On Sustainable Ring-based Anonymous Systems
Sherman S. M. Chow, Christoph Egger, Russell W. F. Lai, Viktoria Ronge, Ivy K. Y. Woo
Abstract:
Anonymous systems (e.g. anonymous cryptocurrencies and updatable anonymous credentials) often follow a
construction template where an account can only perform a single anonymous action, which in turn potentially
spawns new (and still single-use) accounts (e.g. UTXO with a balance to spend or session with a score to claim).
Due to the anonymous nature of the action, no party can be sure which account has taken part in an action and,
therefore, must maintain an ever-growing list of potentially unused accounts to ensure that the system keeps
running correctly. Consequently, anonymous systems constructed based on this common template are seemingly not
sustainable.
In this work, we study the sustainability of ring-based anonymous systems, where a user performing an anonymous
action is hidden within a set of decoy users, traditionally called a ``ring''.
On the positive side, we propose a general technique for ring-based anonymous systems to achieve sustainability.

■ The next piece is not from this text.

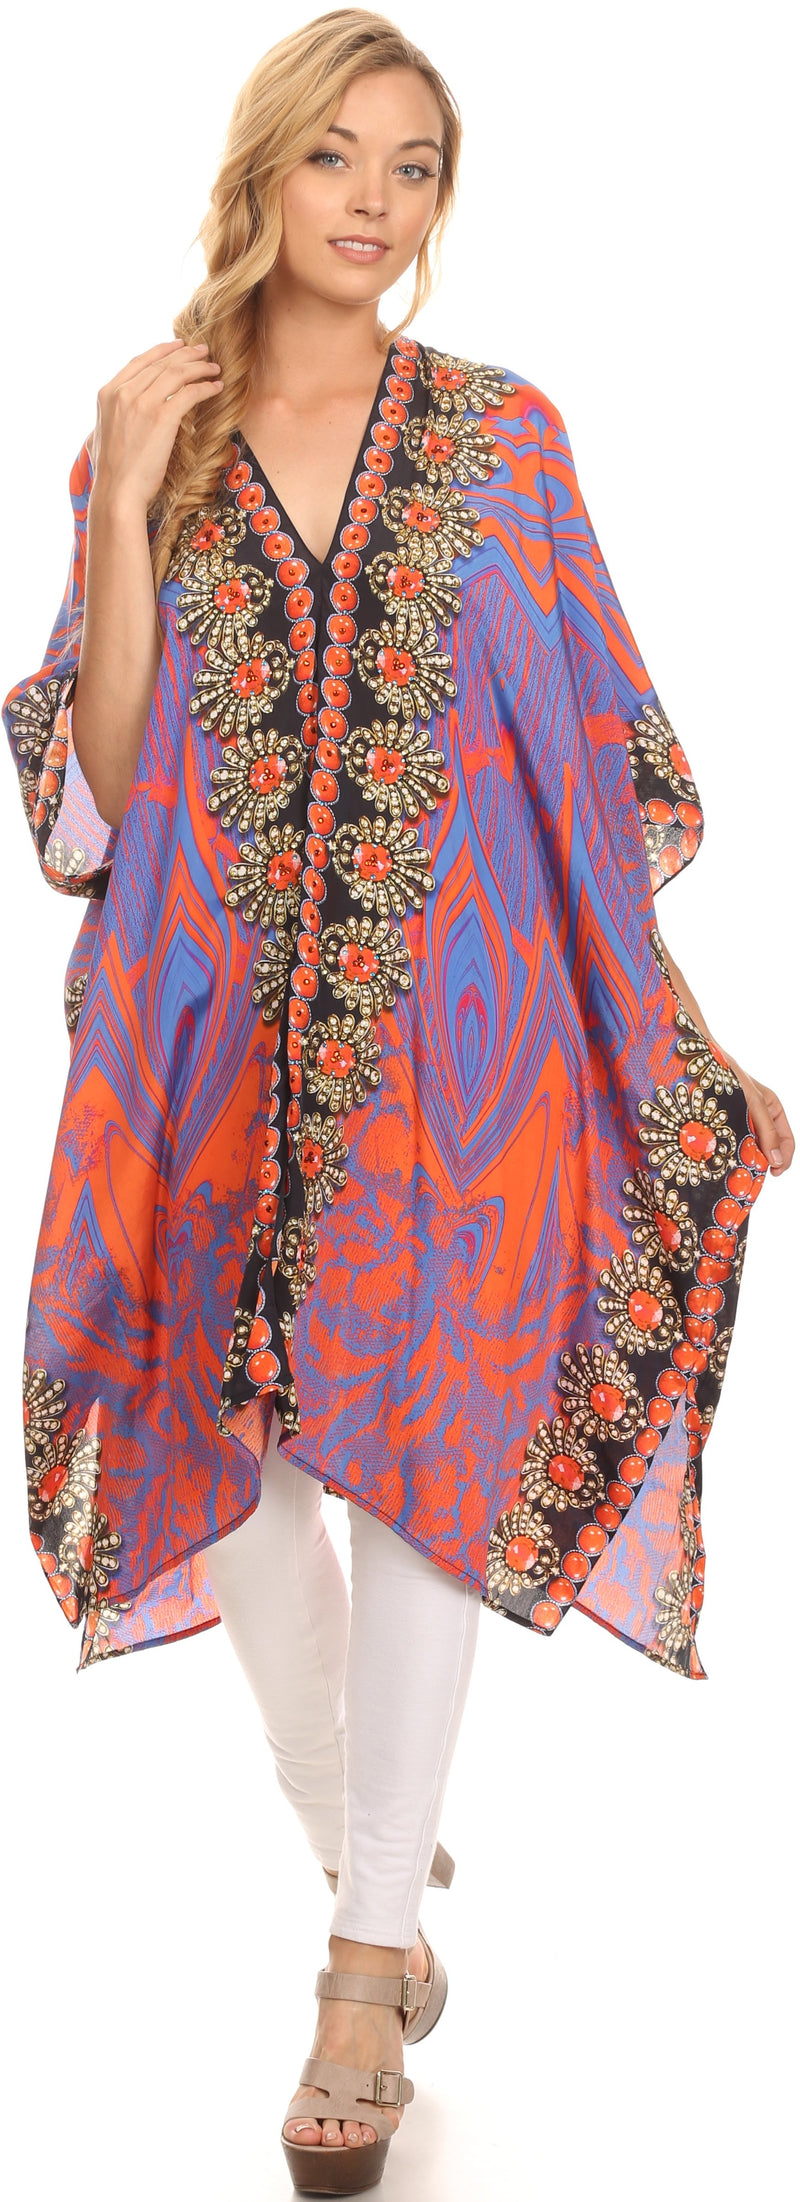 Sakkas Libra Mid Length Caftan Dress / Cover Up With Tribal Print / Rhinestones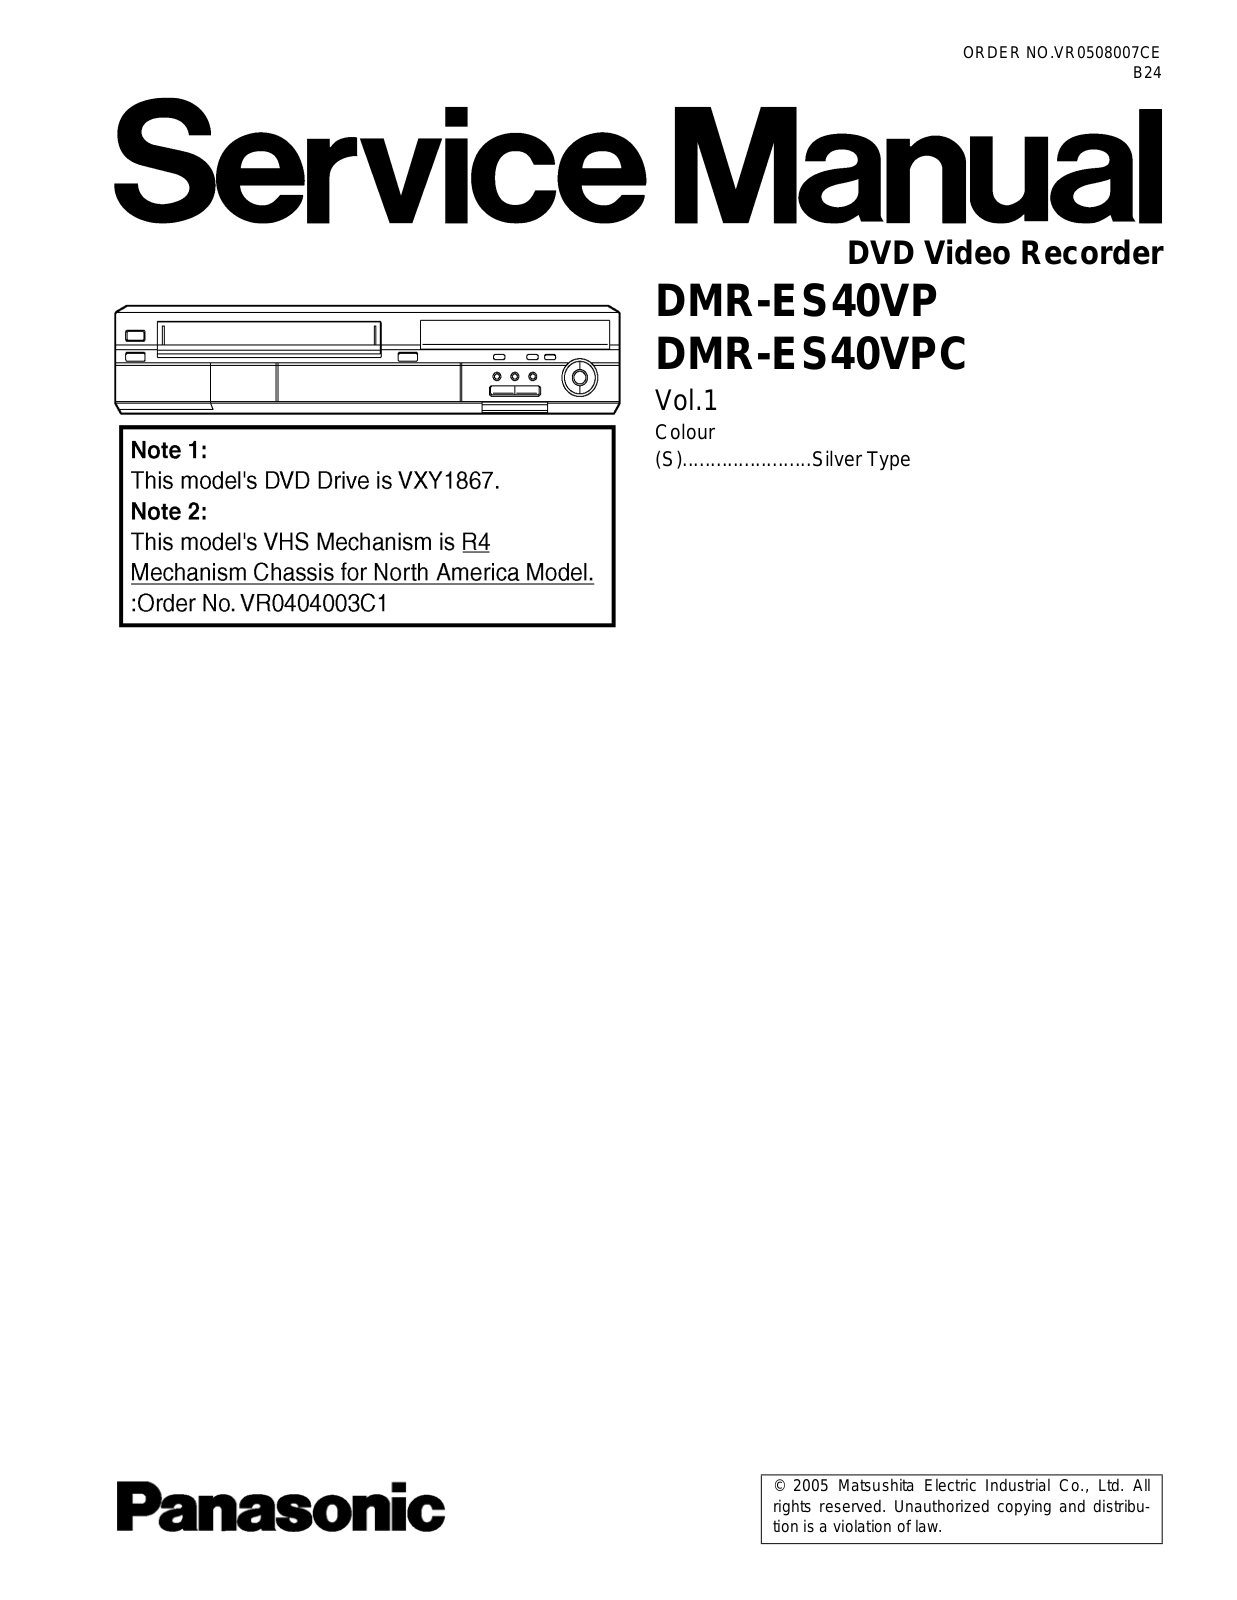 Panasonic DMRES40V Service Manual

Along the way, we define a general model of decentralised anonymous systems (DAS) for arbitrary anonymous actions,
and provide a generic construction which provably achieves sustainability. As a special case, we obtain the first
construction of anonymous cryptocurrencies achieving sustainability without compromising availability. We also
demonstrate the generality of our model by constructing sustainable decentralised anonymous social networks.
On the negative side, we show empirically that Monero, one of the most popular anonymous cryptocurrencies, is
unlikely to be sustainable without altering its current ring sampling strategy. The main subroutine is a
sub-quadratic-time algorithm for detecting used accounts in a ring-based anonymous system.